The Romans believed that human beings were not born properly formed, that they need shaping to enable them to grow into decent citizens. This is why they beat their children as a matter of course – how on earth were you supposed to breed effective conquerors and Empire builders if you didn’t punch all the softness out during the formative years?

In the Middle Ages, people thought bear cubs were born as a formless lump and the reason their parents licked them so much was that they had to be pushed into the right shape – imagine a blob of furry modelling clay and you’ve got the idea. Hence the expression ‘licked into shape’.

‘Where are you going with this?’ I hear you cry, and by the way I do wish you wouldn’t do that – it’s like having a virtual Greek Chorus following me across the webby-sphere. Stick with me – a point will be made.

I can see where these ancient thinkers were coming from. Maybe not with the bears, but to be fair they probably just made that up – I’m sure you could count the number of Medieval thinkers who got close to a bear cub and lived on one hand.
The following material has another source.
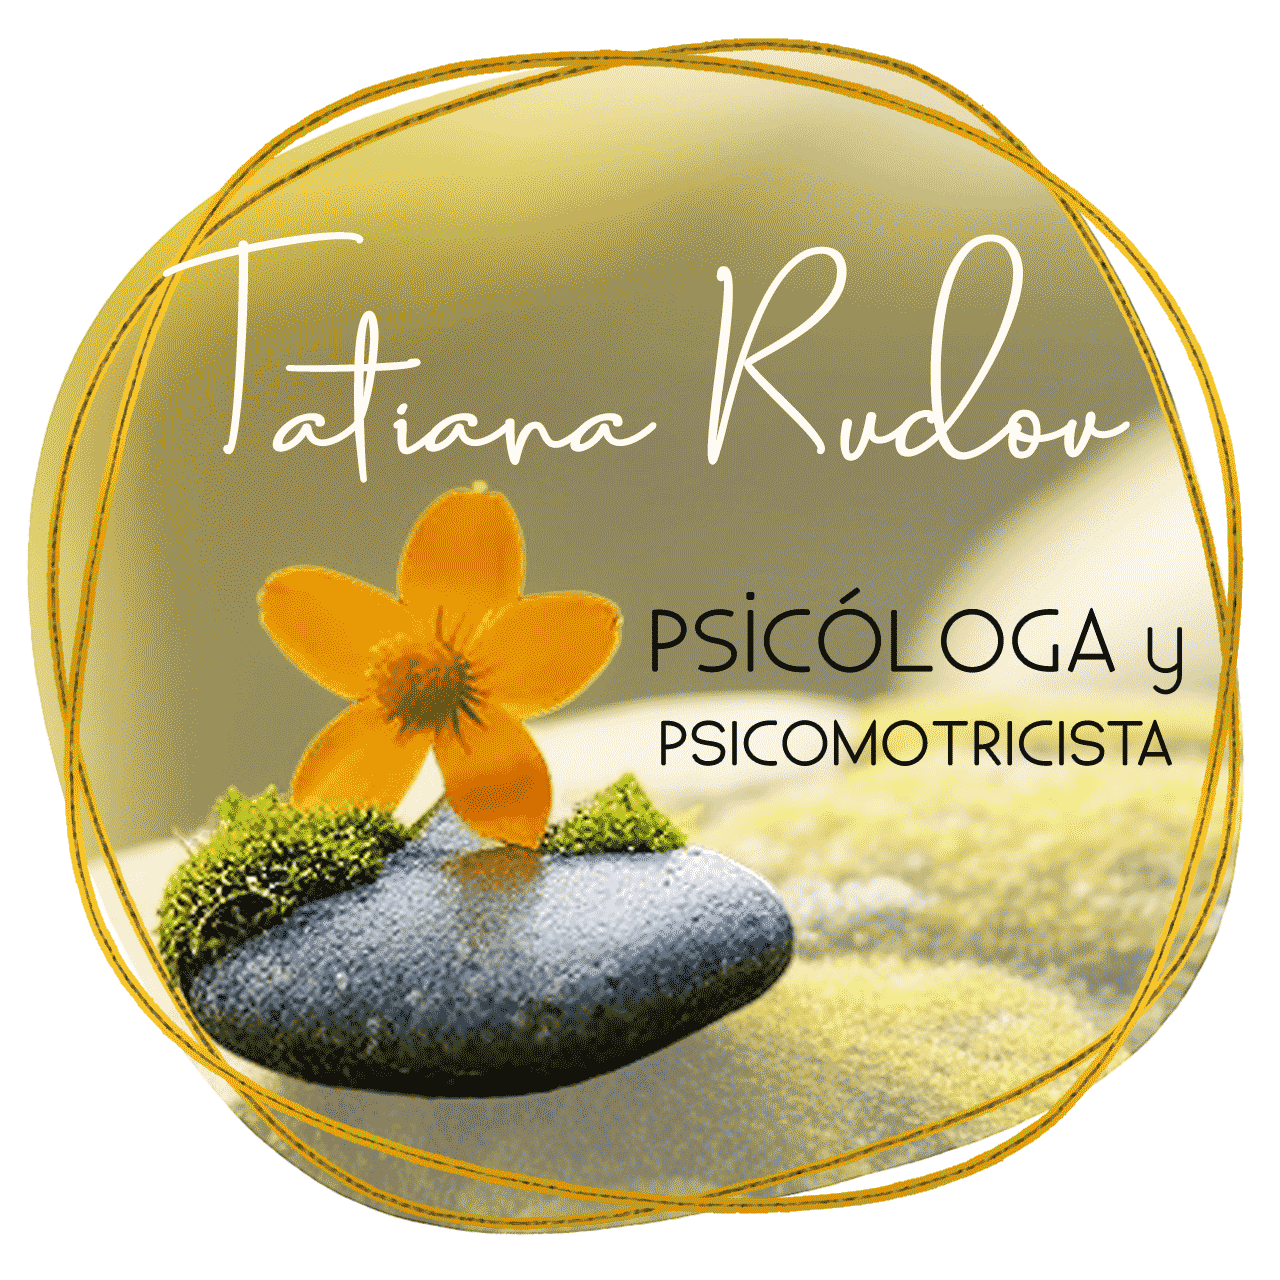 Tatiana Rudov Lic. en Psicología y Psicomotricidad Educativa

Not one of their hands, of course, because presumably they’d come away without digits to do any counting on. But I digress.

But the Romans had a point, because human’s are born only partly formed. We lack in experience and knowledge, of course, as anyone who’s ever watched a toddler try and do almost anything can testify. They fall over,  bump into furniture, burst into tears seemingly without reason, burble nonsense then start throwing things when you can’t understand them … They are my Uncle Stan after a Payday Friday visit to the Squint and Spyglass pub.

And emotionally, small children are bit … Odd. This may be controversial (and completely unproven), but it seems  to me children are born without empathy – it’s something they learn with experience. Ever seen a toddler fall and hurt itself whilst surrounded by other toddlers? The rest of the crowd carry on pushing building bricks up their noses and eating the contents of the sandpit.  I’m not really suggesting that we’re all born sociopaths and that it’s only with experience and example that we learn to care for others … Or am I?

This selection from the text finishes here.